First we add to our data the probability that the passenger survived as calculated by the model.

data <- tibble(data,
               Probability = model$fitted.values)

head(data) %>% 
  kbl() %>% 
  kable_classic()
Survived Sex Age Fare FamilySize Pclass Probability
0 male 22 7.2500 1 3 0.1025490
1 female 38 71.2833 1 1 0.9107566
1 female 26 7.9250 0 3 0.6675927
1 female 35 53.1000 1 1 0.9153720
0 male 35 8.0500 0 3 0.0810373
0 male 30 8.4583 0 3 0.0968507

Then we obtain the prediction by creating a new variable called prediction and setting the value to 1 if the calculated probability of survival is greater than 50% and 0 otherwise.

data <- data %>% 
  mutate(Prediction = if_else(Probability > 0.5,1,0))

head(data) %>% 
  kbl() %>% 
  kable_classic()
Survived Sex Age Fare FamilySize Pclass Probability Prediction
0 male 22 7.2500 1 3 0.1025490 0
1 female 38 71.2833 1 1 0.9107566 1
1 female 26 7.9250 0 3 0.6675927 1
1 female 35 53.1000 1 1 0.9153720 1
0 male 35 8.0500 0 3 0.0810373 0
0 male 30 8.4583 0 3 0.0968507 0

Then we can print a table comparing the model’s prediction to the real data.

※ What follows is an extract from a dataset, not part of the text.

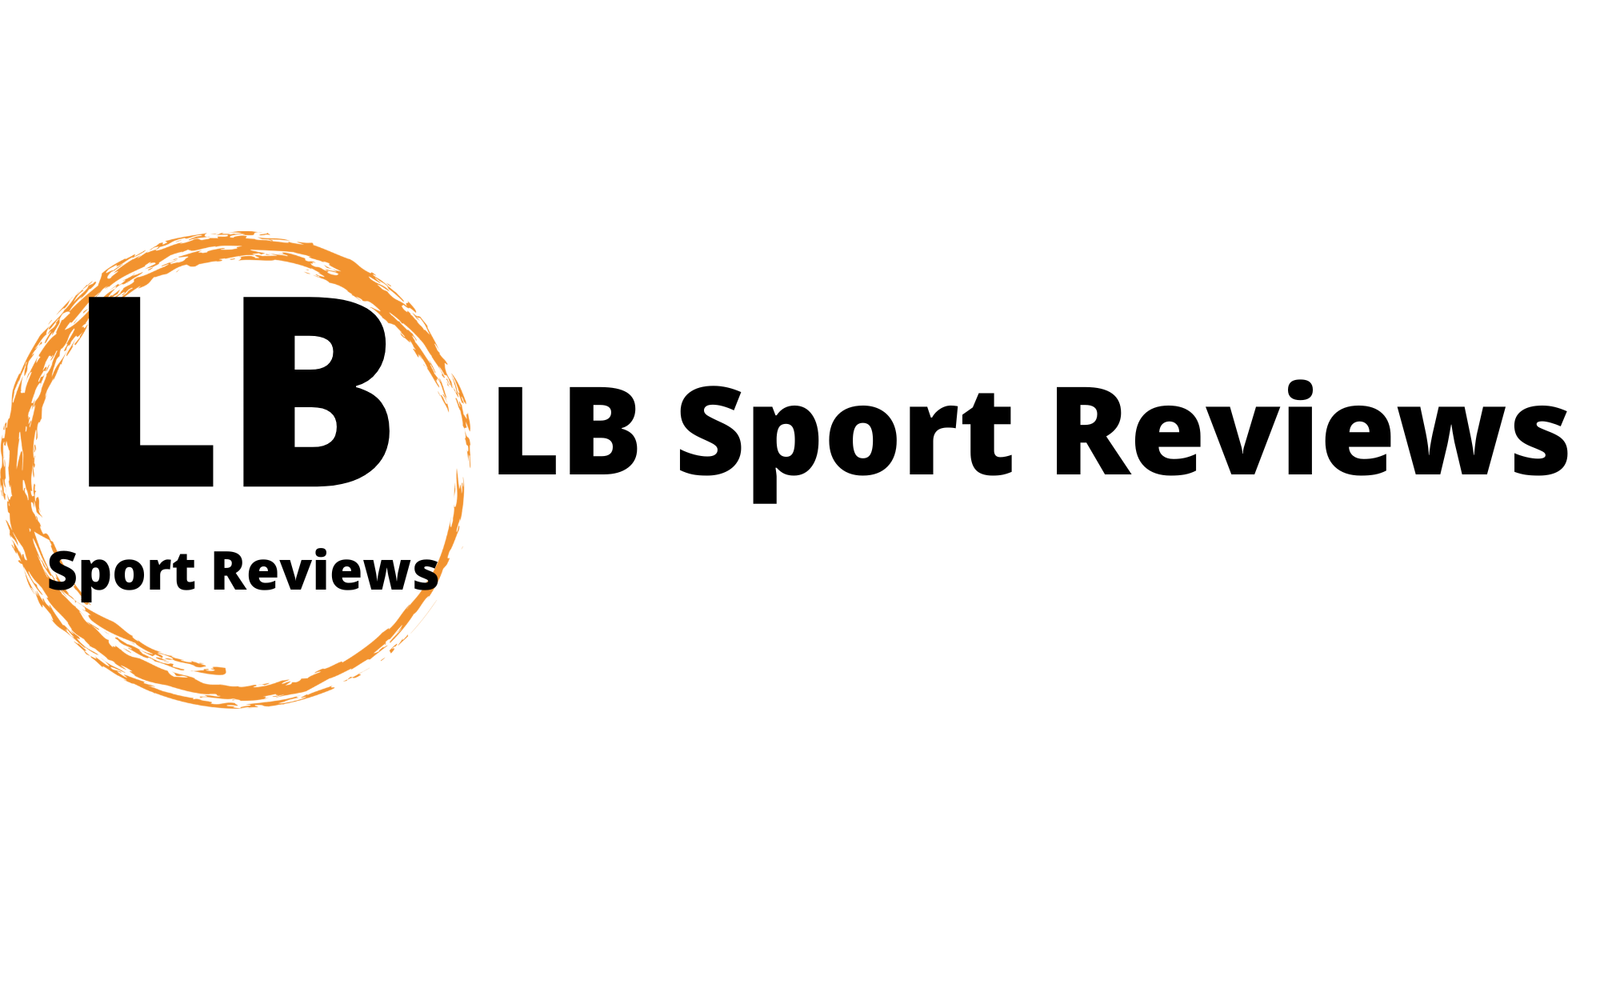 LB Sport Reviews

table(Survived = data$Survived, 
      Predicted = data$Prediction)
        Predicted
Survived   0   1
       0 476  73
       1 101 241

Finally, we can calculate how well our model fits the data (how good was it at predicting the independent variable) by testing, for each passenger in the dataset, whether the prediction matched the actual outcome for that passenger. Because that test gives TRUE (1) or FALSE (0) for every row of the dataset, calculating the mean of the test results gives us the percentage of correct predictions, which in our case is about 80.5%.

mean(data$Survived == data$Prediction)
[1] 0.8047138

9.5 Summary

In this chapter we introduced the logistic regression model as a useful tool to predict a dichotomous categorical variable based on one or multiple predictors that can be either categorical or continuous. The R scripts provided will work with any dataset provided that they are in a tidy format. So you now have everything you need to try to predict categorical outcomes in all kinds of scenarios and with all kinds of data.

9.6 Lab

For this week’s lab, your task is to build a logistic regression model on a dataset of your choice. I encourage you to use the dataset that you will be using for your individual project, if it contains a dichotomous variable that you can try to predict using other variables in your dataset.